Exercise instructions: Transcribe only what runs from the line containing "adobe reader acrord32.exe" through the final line below, exactly, and leave every picture out.

Exercise data:
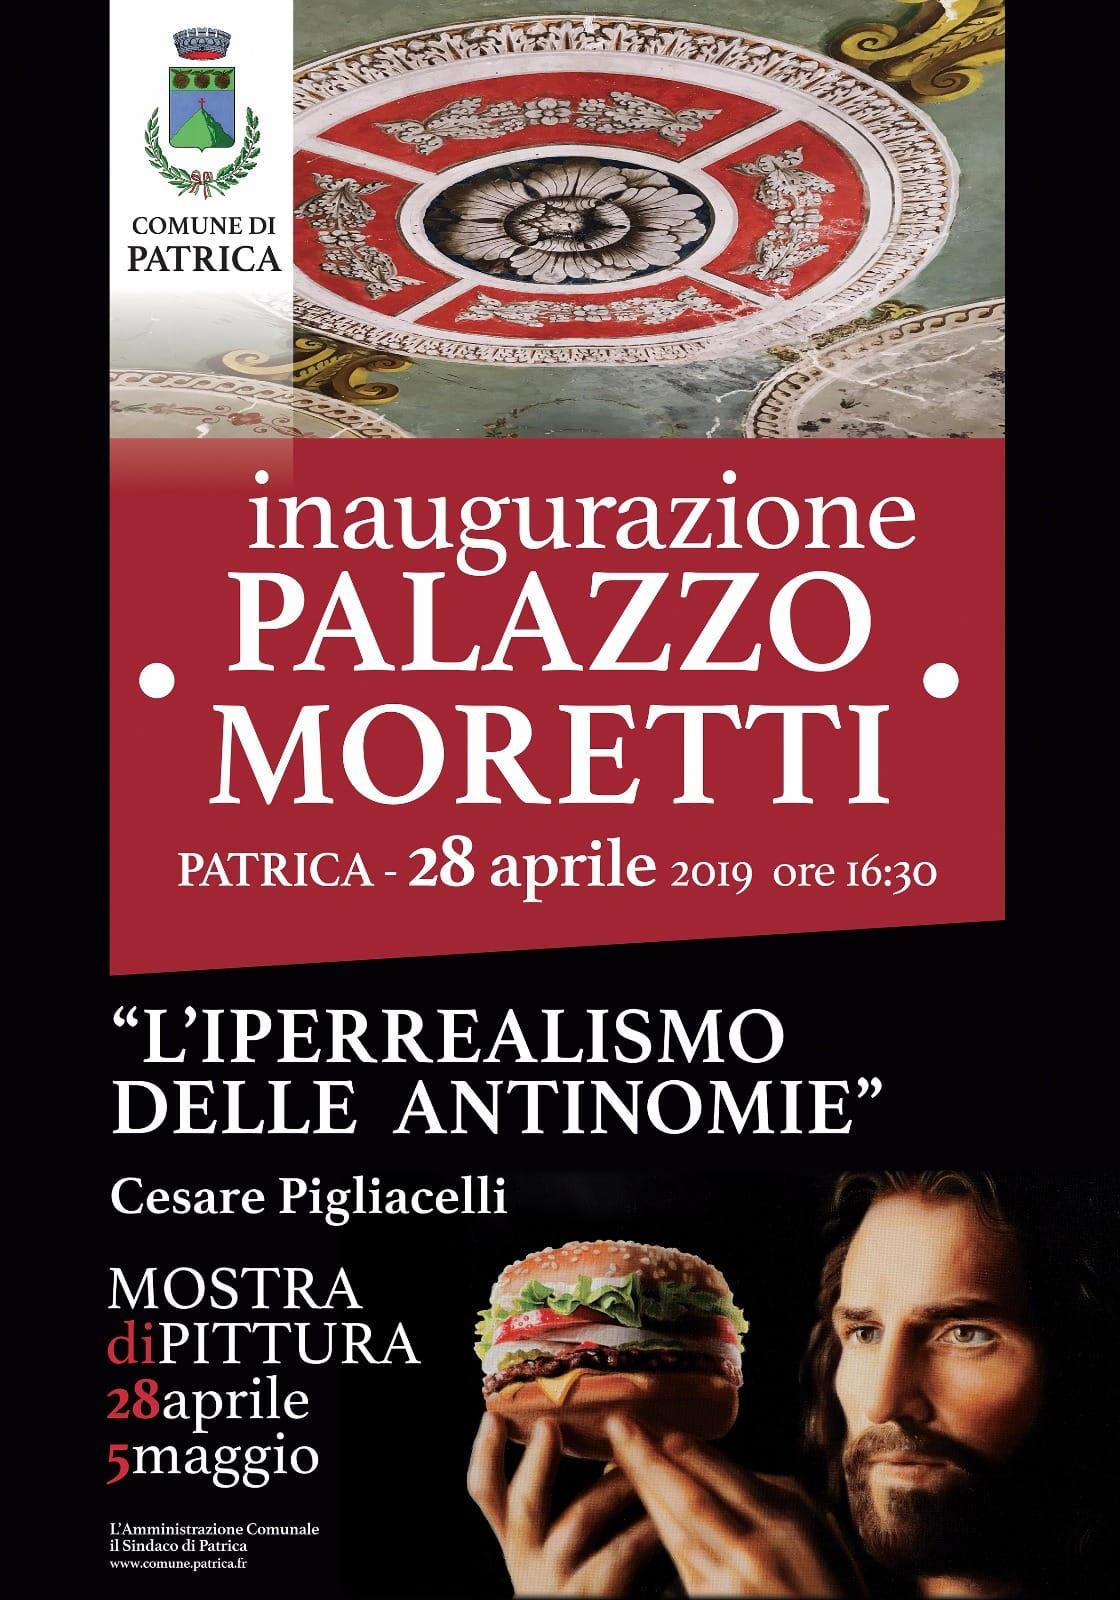 Patrica: Inaugurazione Palazzo Moretti @ palazzo moretti | Patrica | Lazio | Italia
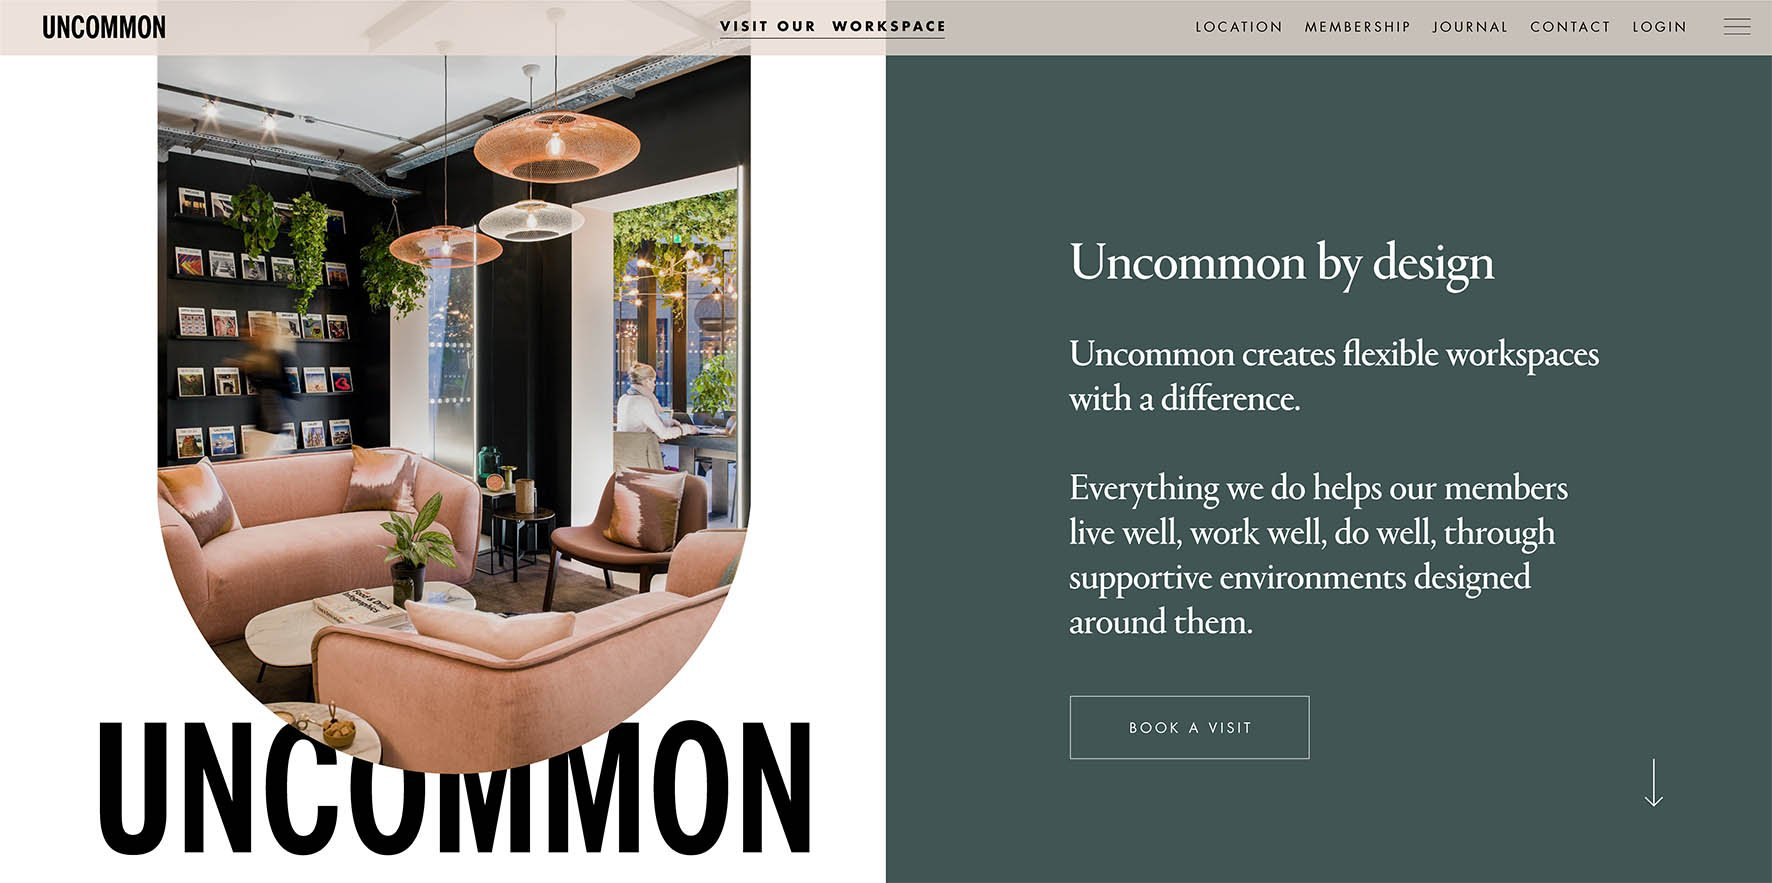 thecrop_uncommon_website-1
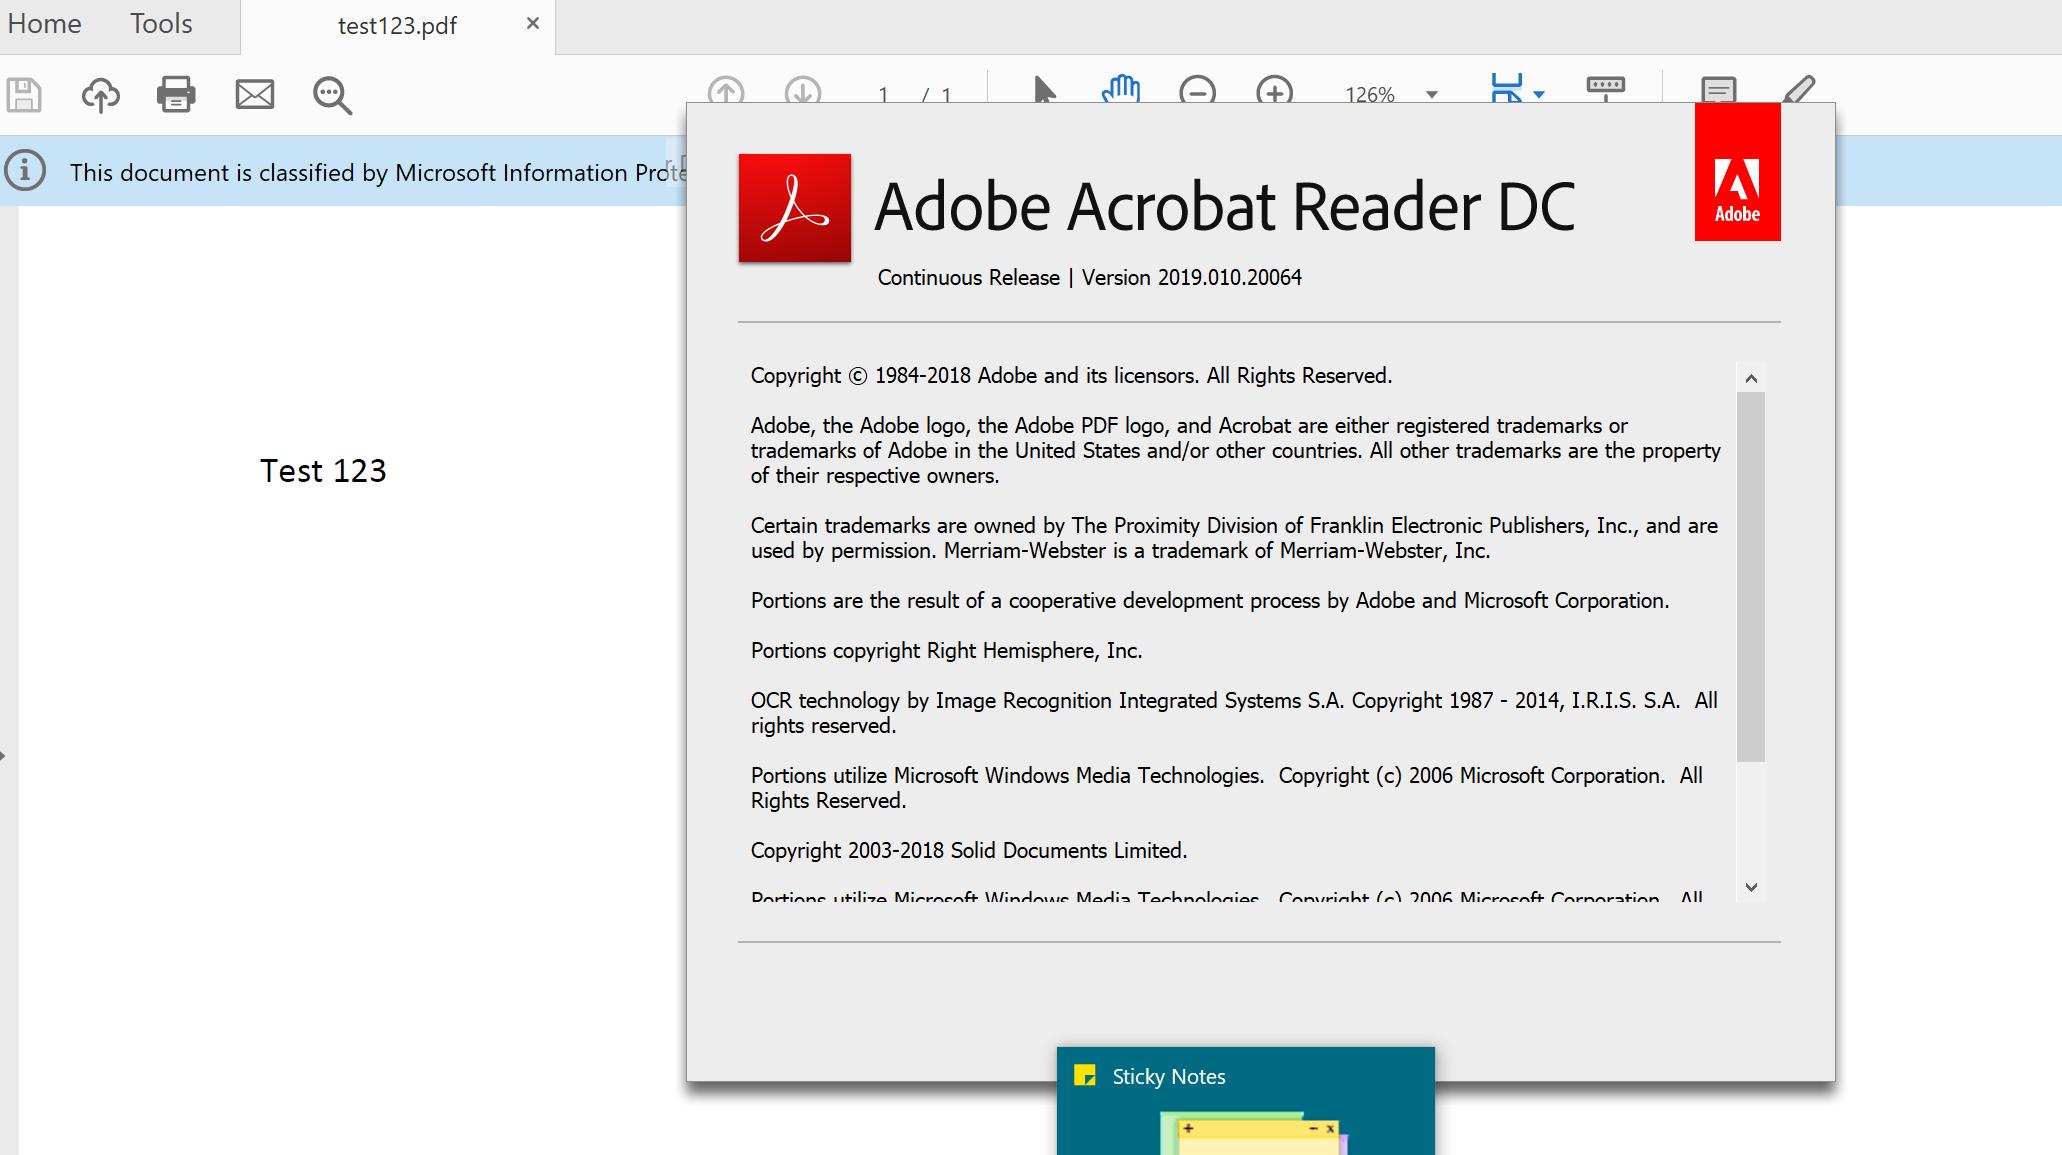 adobe reader acrord32.exe - application error
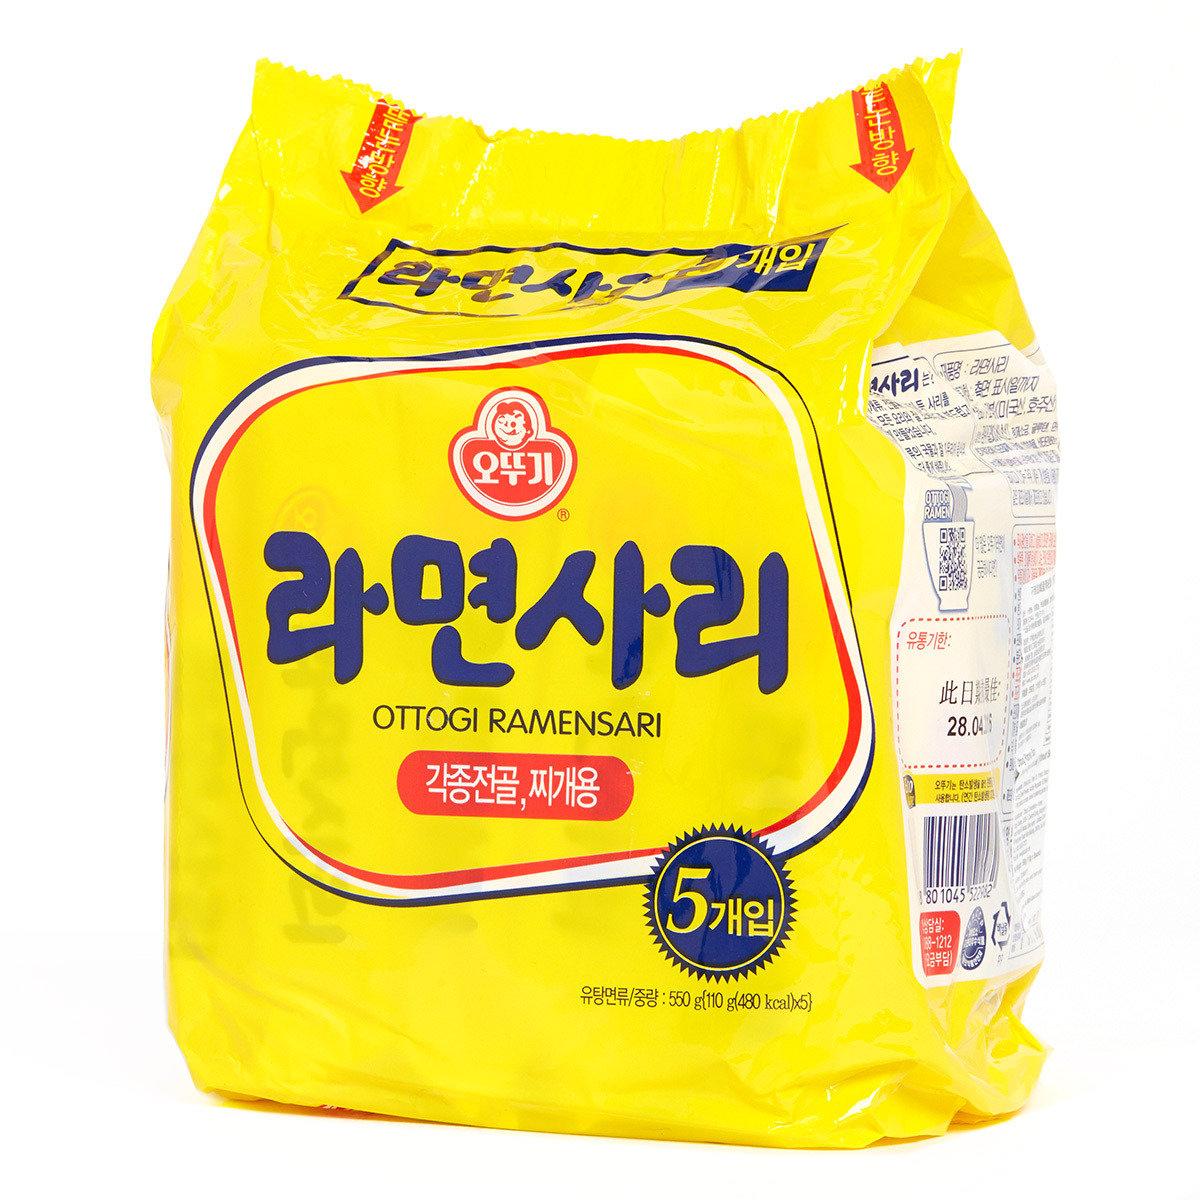 韓國傳統麵 - 無味包

Problem solution:
 adobe reader acrord32.exe - application error
 韓國傳統麵 - 無味包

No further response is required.